Reading in a second language
Roy has a great post about reading Kokoro in Japanese after already having read it twice in English:
The first time I read it, I liked it because I was supposed to. ...
Today I can appreciate the work on a personal level. I identify with, or am repulsed by certain characters. The novel inspired an emotional reaction. None of that happened before. My intellectual comprehension of the novel also was further stimulated, particularly surrounding the comparison between Sensei and Boku’s father.
I've noticed this too. I attribute it to two main factors:
- Enforced close reading. I read English, especially English novels, faster than is probably ideal. (I have to consciously slow down when I read poetry.) But reading in Japanese is relatively new to my brain. The sentences don't come as naturally as breathing, like English ones do, and I occasionally get delayed by words I have to think about or even look up. So my Japanese reading is meticulous in a way that my English reading just isn't. If an unusual word is used twice by two different characters, or a particular sentence doesn't seem to serve any narrative purpose, I'm probably going to notice and ponder it, and if the writer meant something by it, chances aren't that bad I'll figure it out (or at least find an explanation that satisfies me). End result: I get a lot more out of each page.
- Cultural context. Knowing how Japanese people actually talk, in Japanese, makes a difference. The 20th-century Japanese canon, in particular, is in my experience a lot more enjoyable when you understand why so many of the conversations seem cold and standoffish, and learn how to read what the characters really mean by what they say. This is often a translation issue, too, but I'm going to keep quiet about that until I have enough achievements of my own to hide my hubris behind. Anyway, the point is: now that I'm in Japan, I have context, and that helps a lot.

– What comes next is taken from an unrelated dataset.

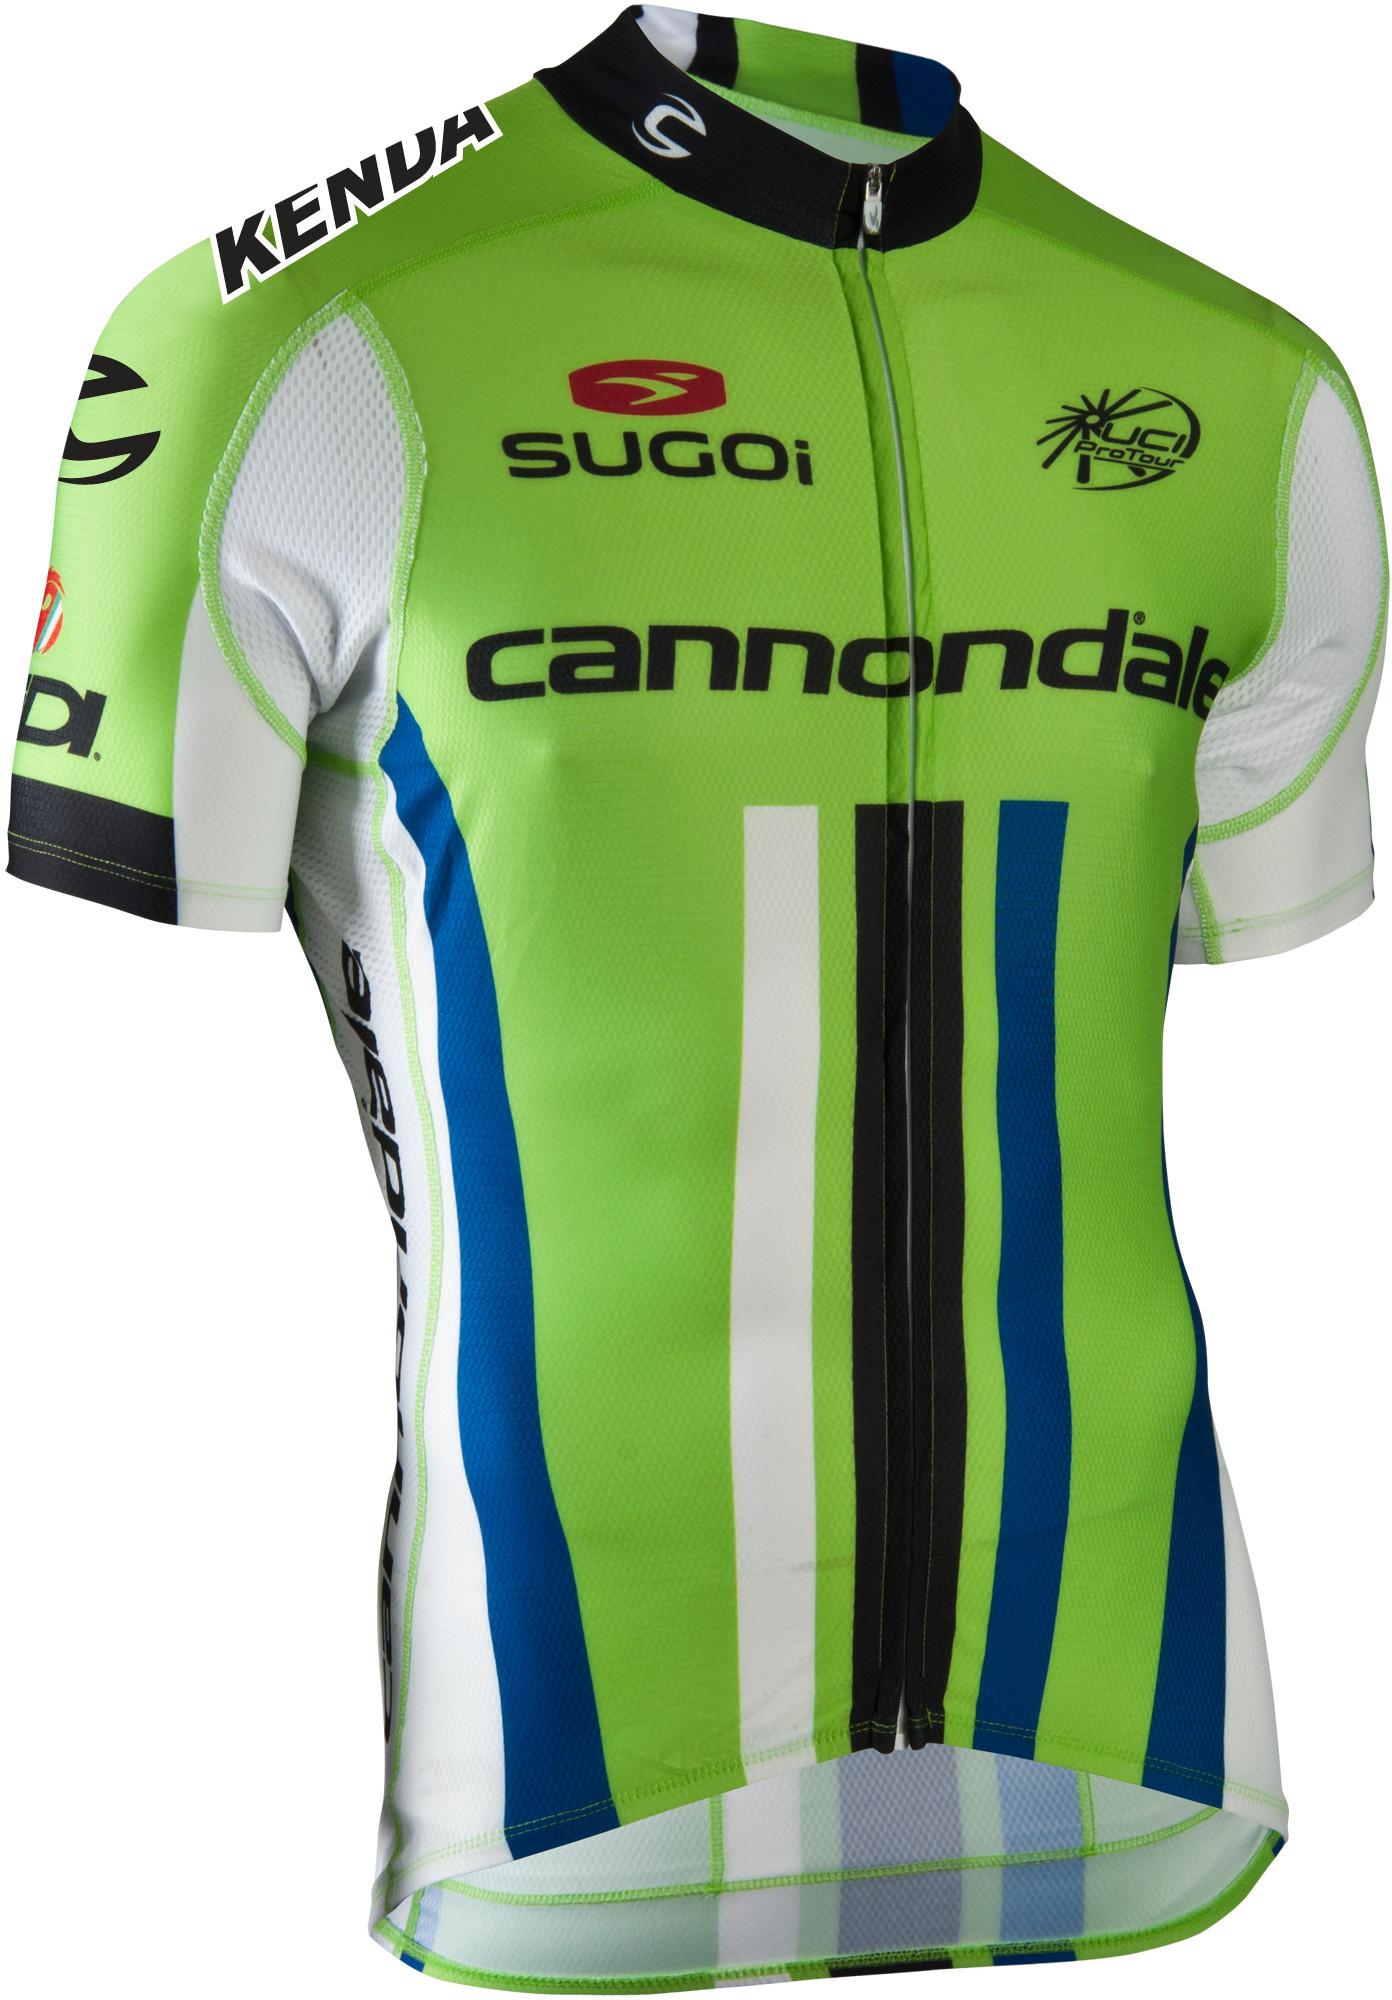 764df8f5722 Sugoi Cannondale Pro Cycling Team Jersey - Montclair Bike Shop ...

That's not to say that there aren't any disadvantages, of course. I often fail to recognize literary and other references because I just don't have the background knowledge, and although reading slowly is enjoyable I do sometimes wish I could progress through my "to read" pile a little more rapidly.
amida:
"The 20th-century Japanese canon, in particular, is in my experience a lot more enjoyable when you understand why so many of the conversations seem cold and standoffish, and learn how to read what the characters really mean by what they say."
Come on, then, give us some hints on how to do it!
I have never read Kokoro, but that was my experience reading Snow Country and some others, and often felt I was missing something. Granted, I was reading them to get a taste of what they were about and not for their aesthetic value, and as such I was reading very quickly (and in English translation).